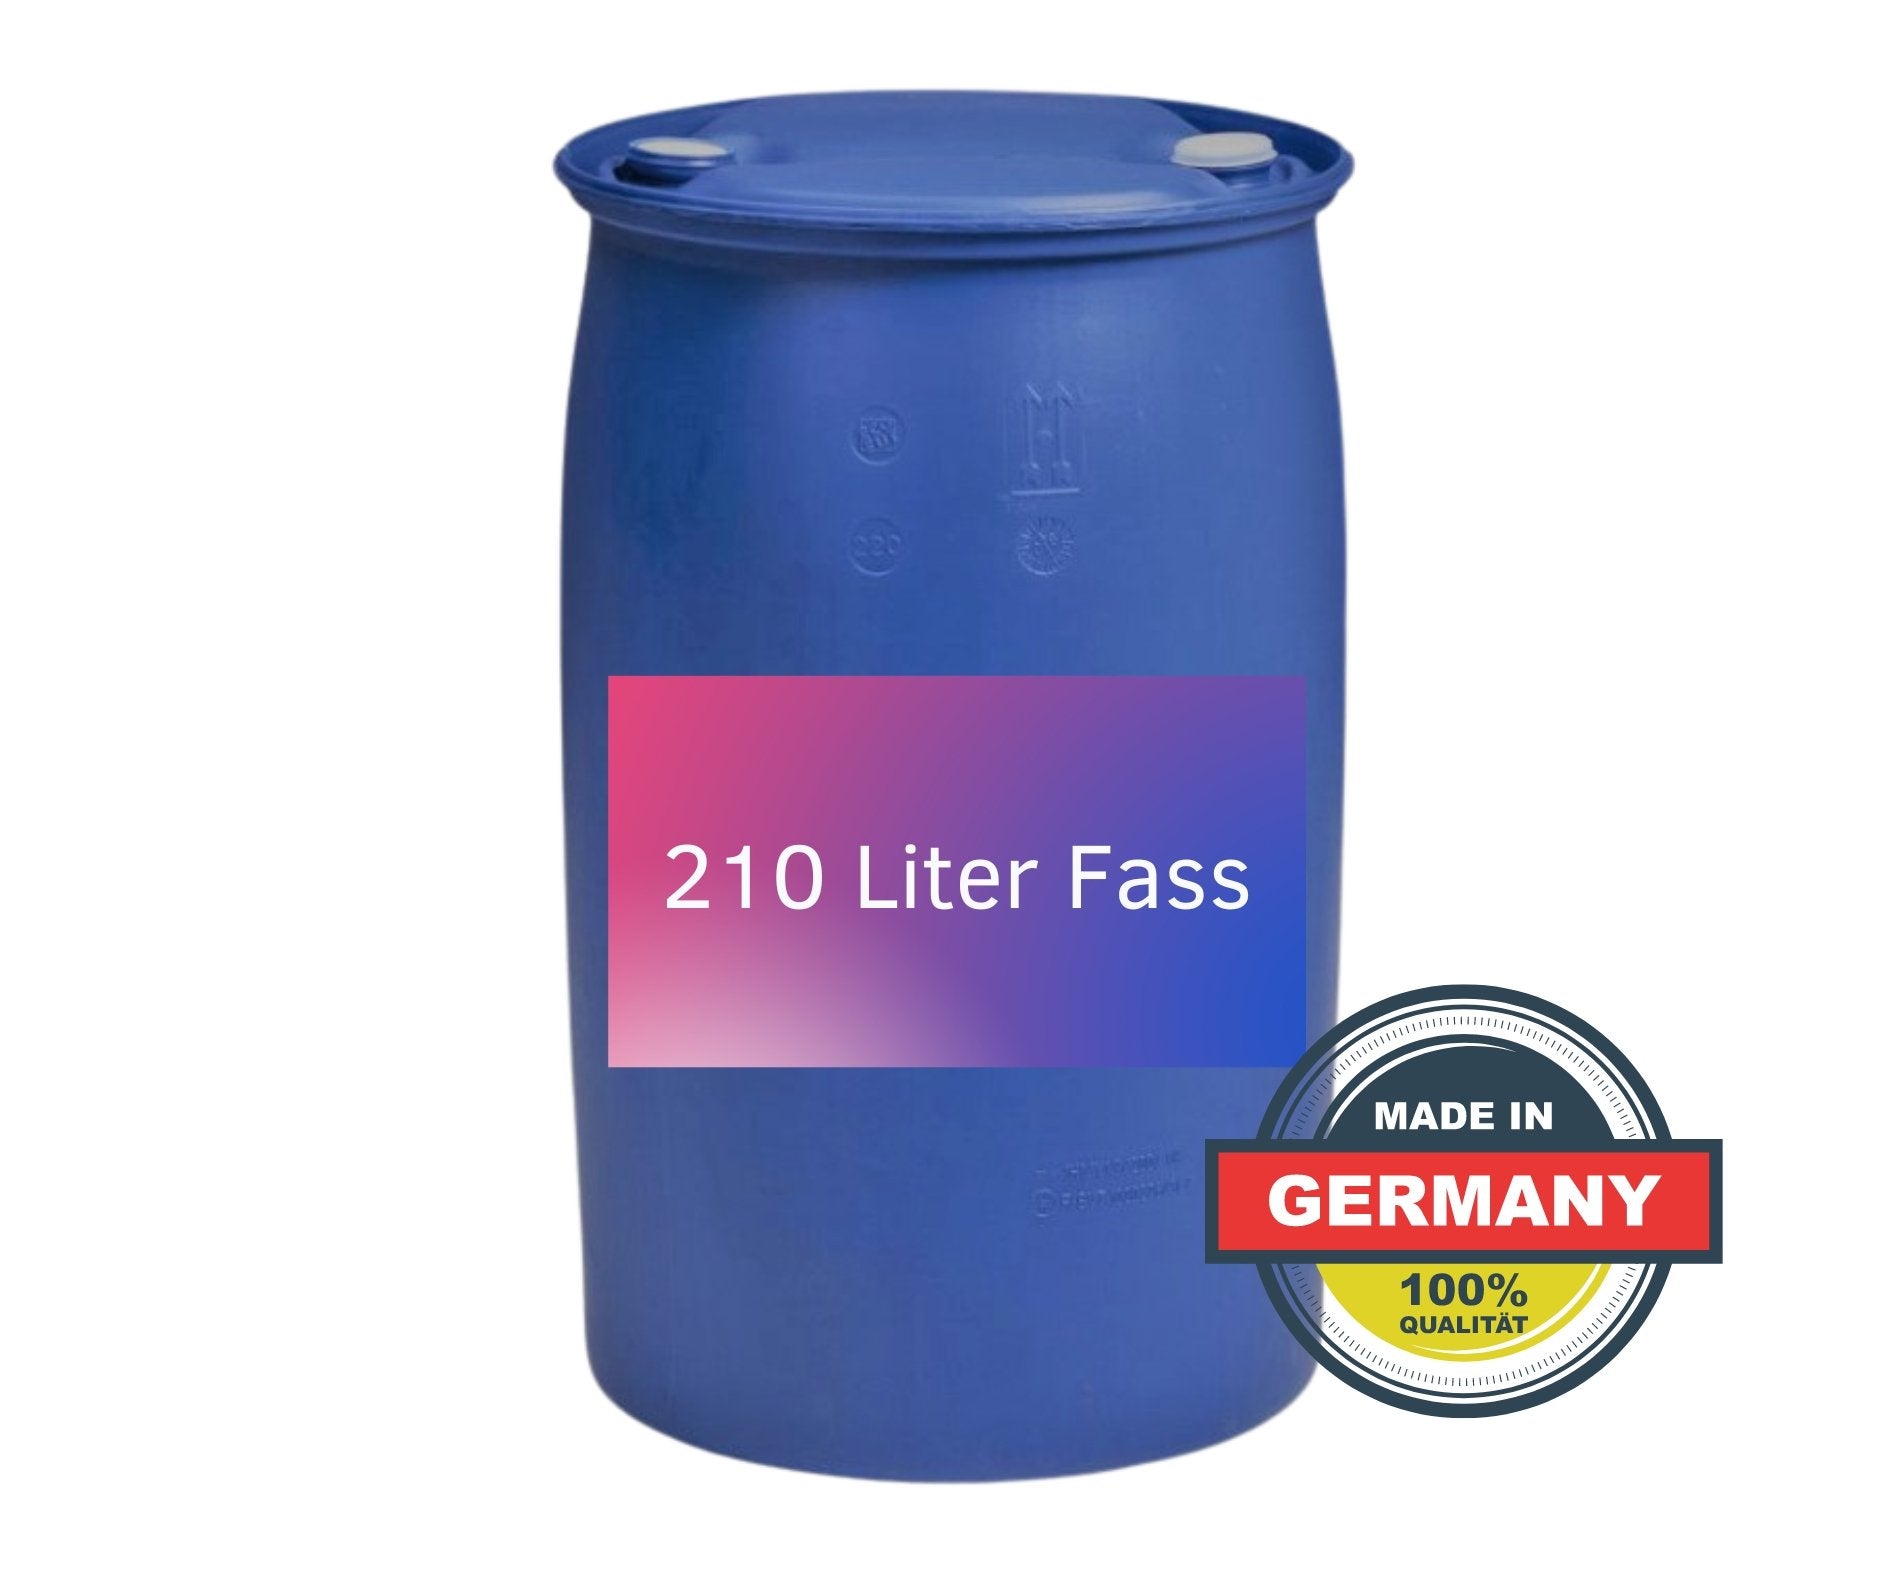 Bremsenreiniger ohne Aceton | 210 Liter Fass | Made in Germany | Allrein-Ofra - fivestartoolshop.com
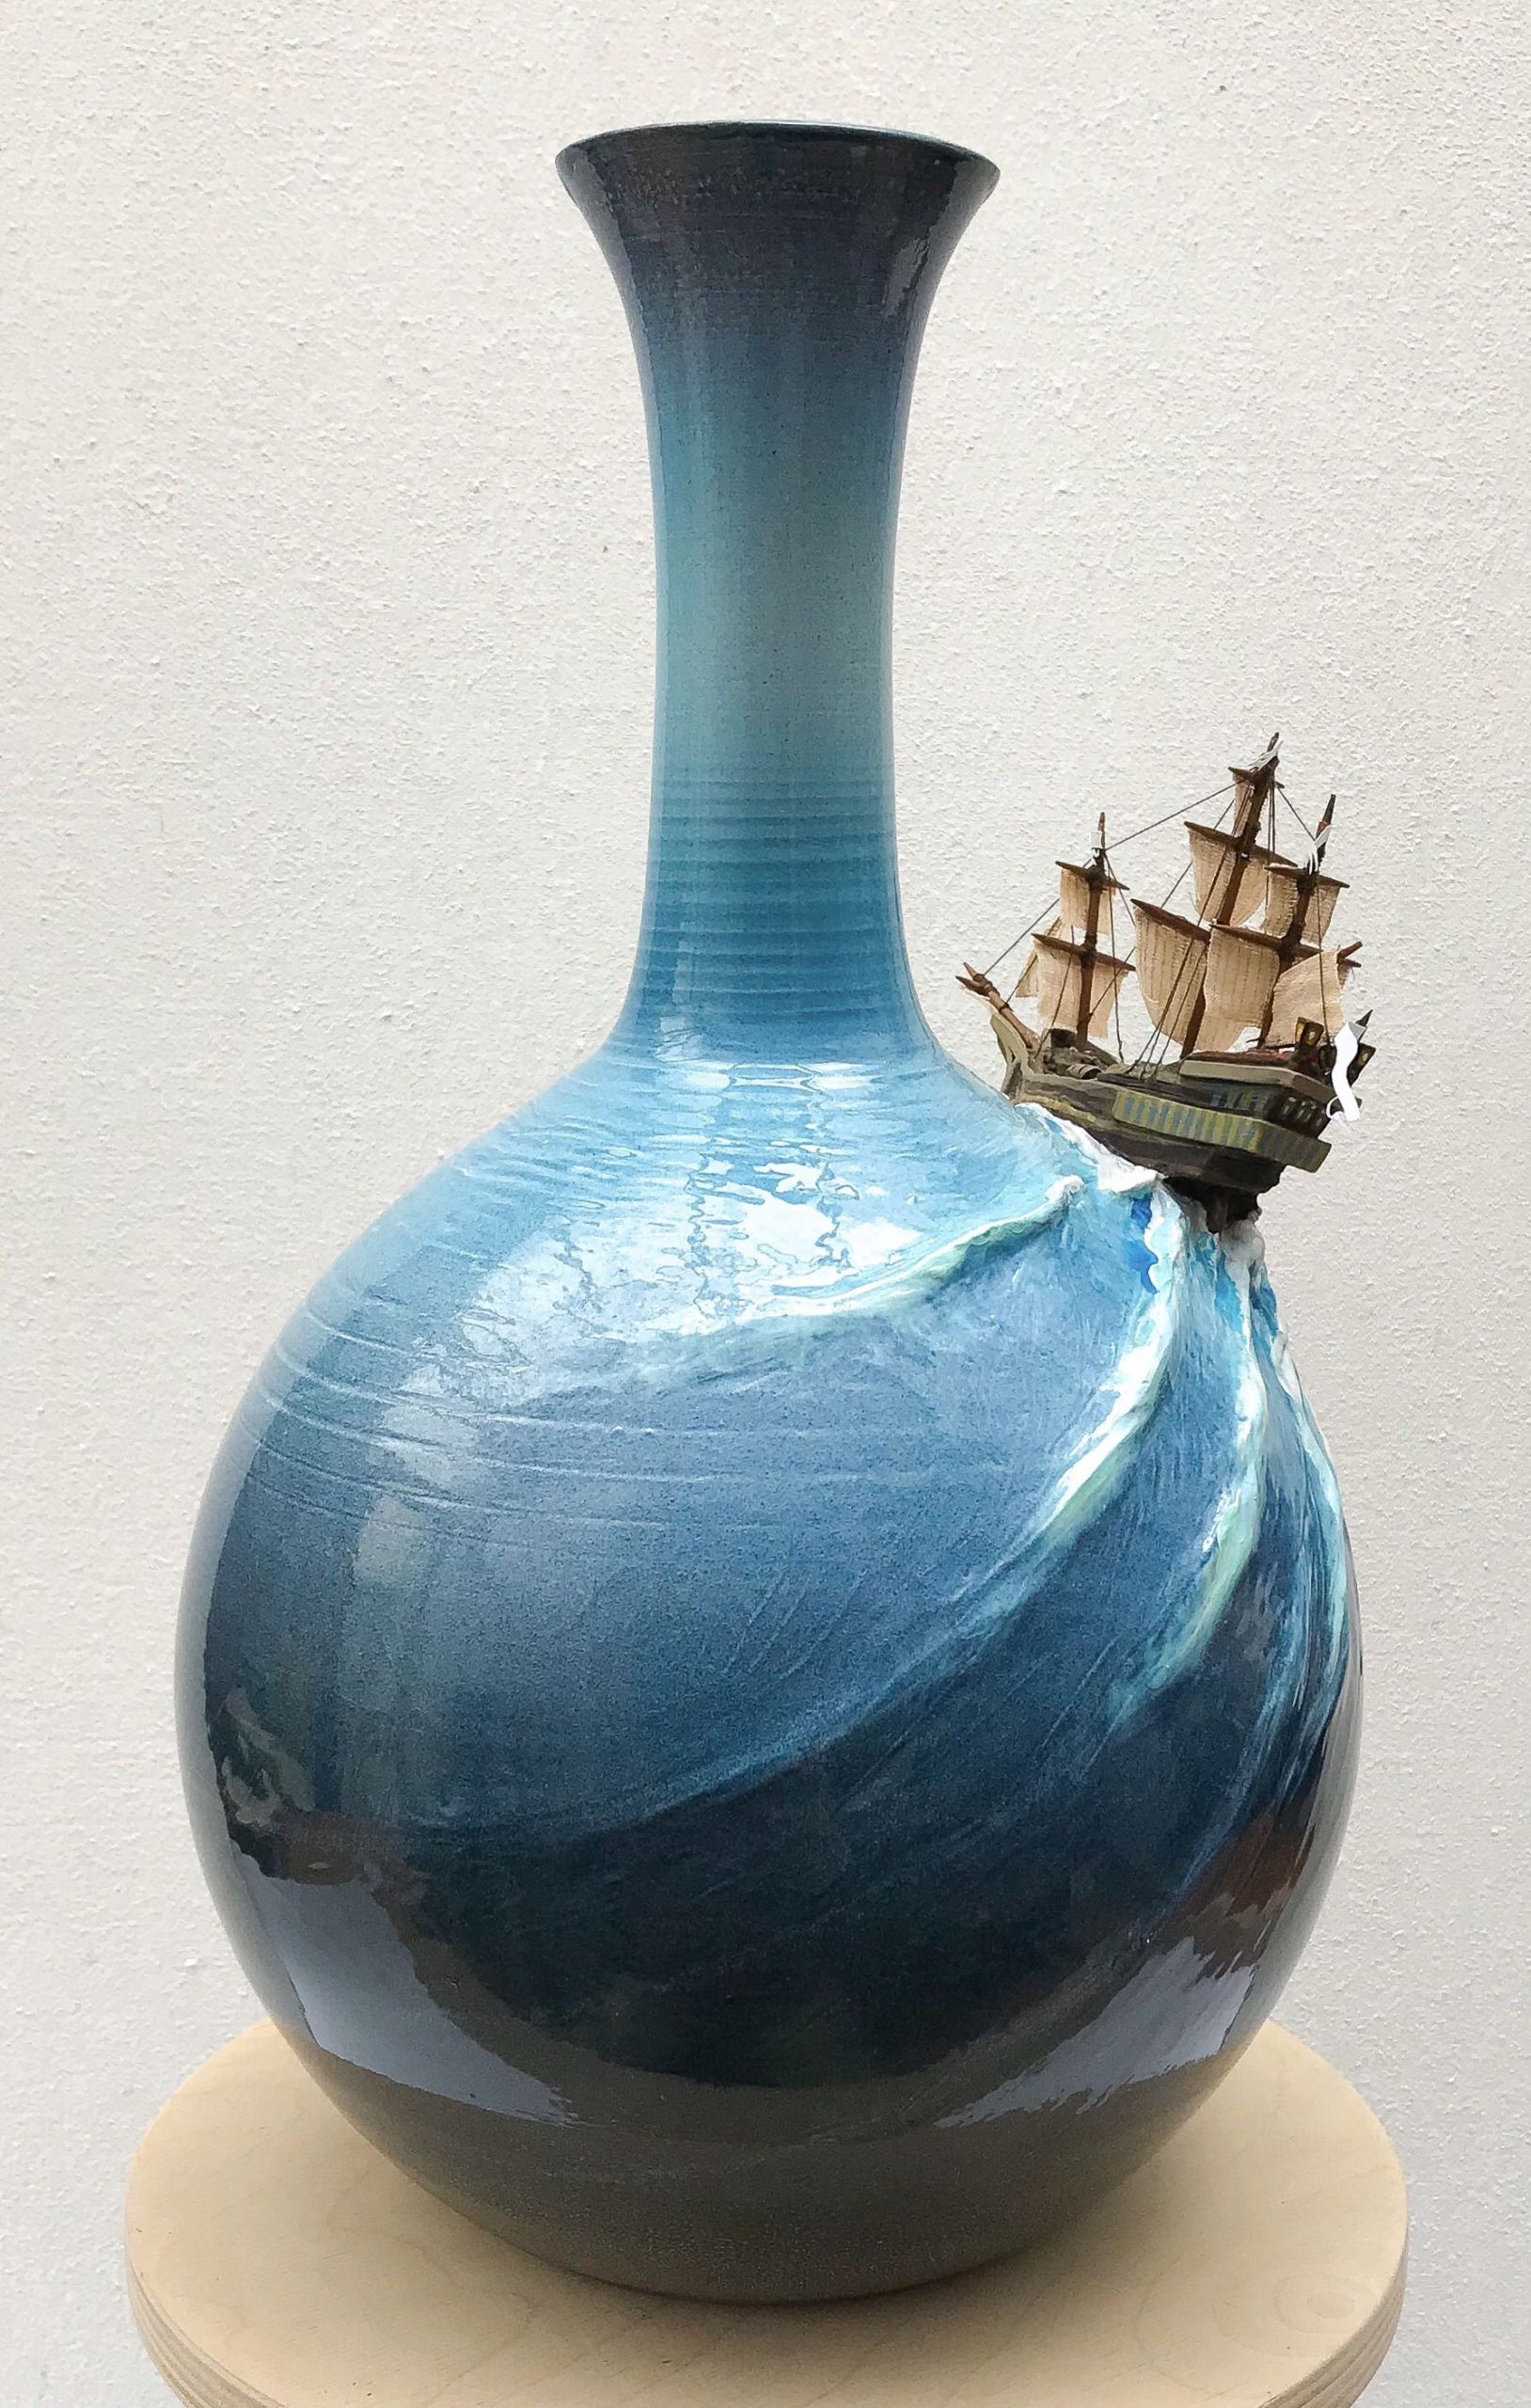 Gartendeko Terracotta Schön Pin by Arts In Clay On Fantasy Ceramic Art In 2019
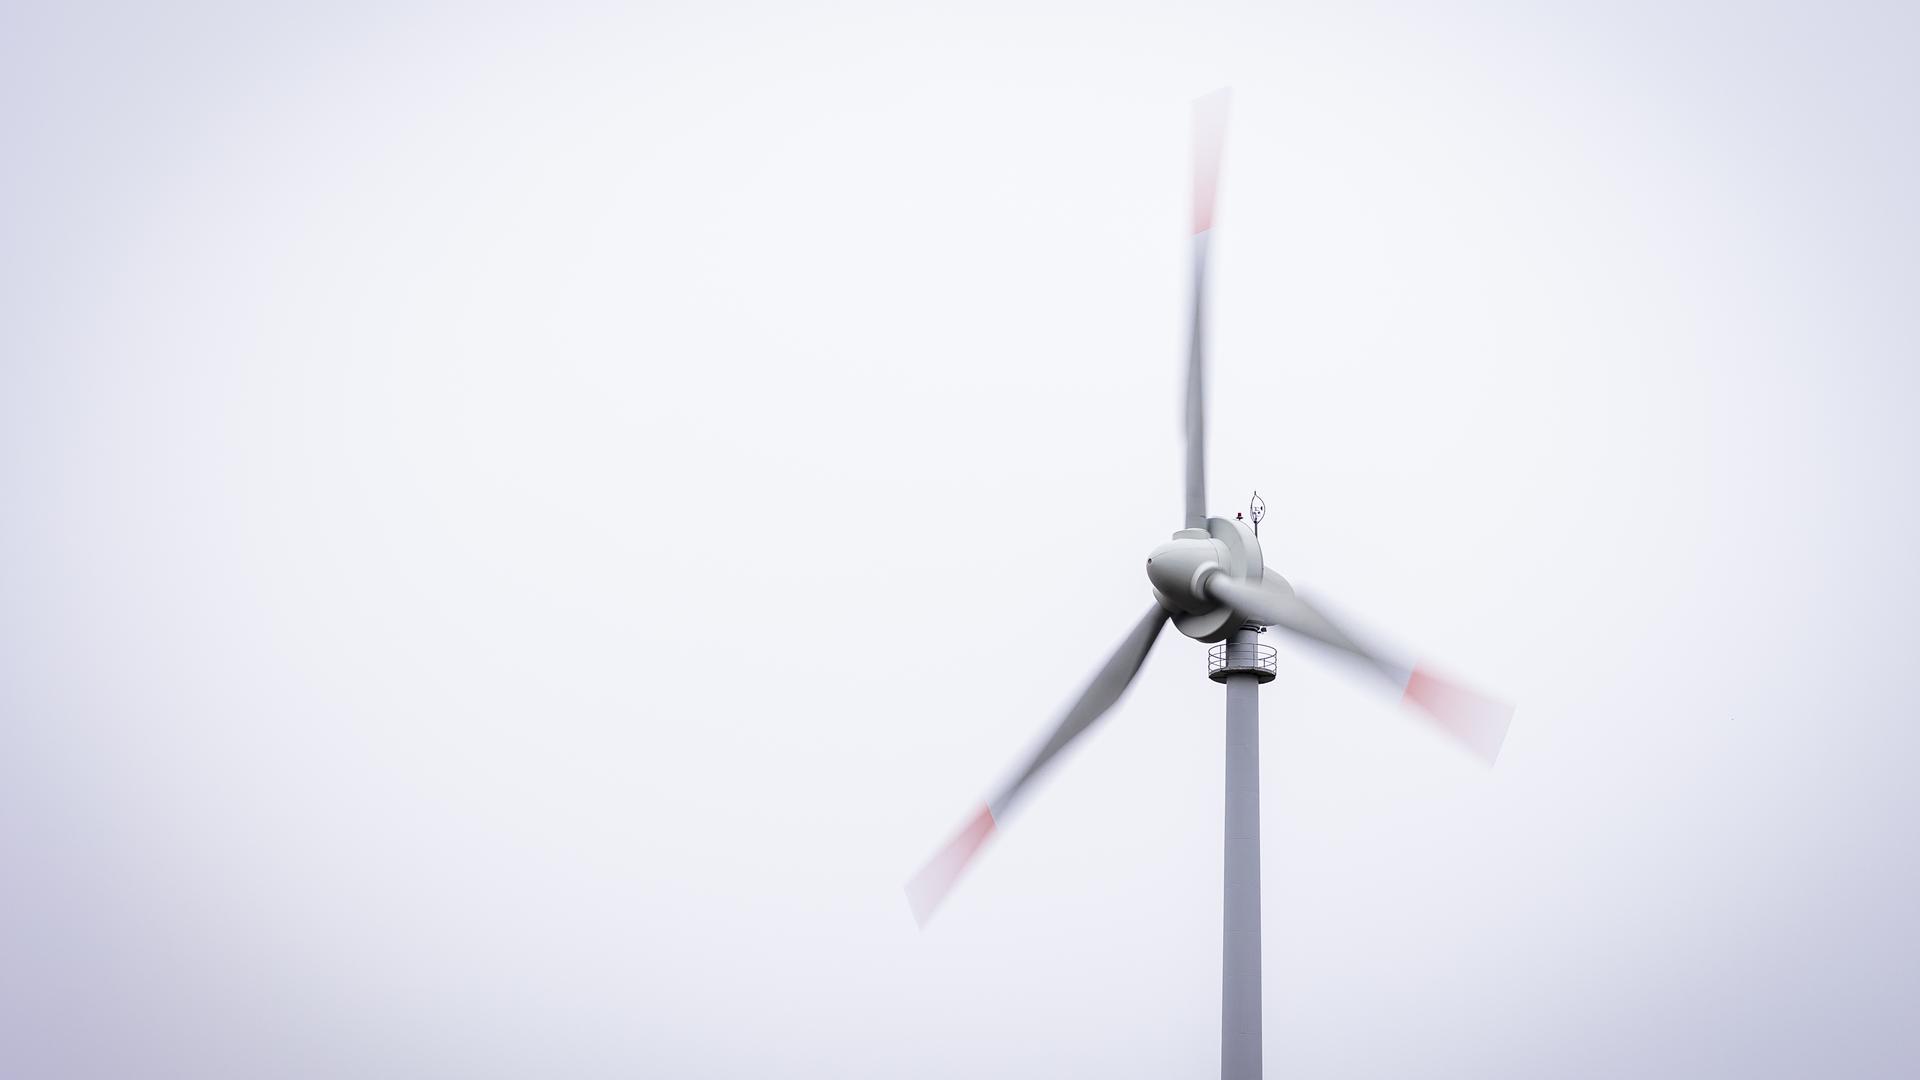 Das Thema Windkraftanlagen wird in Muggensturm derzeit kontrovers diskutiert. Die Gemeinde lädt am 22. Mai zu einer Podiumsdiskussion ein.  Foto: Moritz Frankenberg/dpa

# What you have to do
Please print everything in the material exactly, apart from the pictures.

# Result of the exercise
 Bremsenreiniger ohne Aceton | 210 Liter Fass | Made in Germany | Allrein-Ofra - fivestartoolshop.com
 Gartendeko Terracotta Schön Pin by Arts In Clay On Fantasy Ceramic Art In 2019
 Das Thema Windkraftanlagen wird in Muggensturm derzeit kontrovers diskutiert. Die Gemeinde lädt am 22. Mai zu einer Podiumsdiskussion ein.  Foto: Moritz Frankenberg/dpa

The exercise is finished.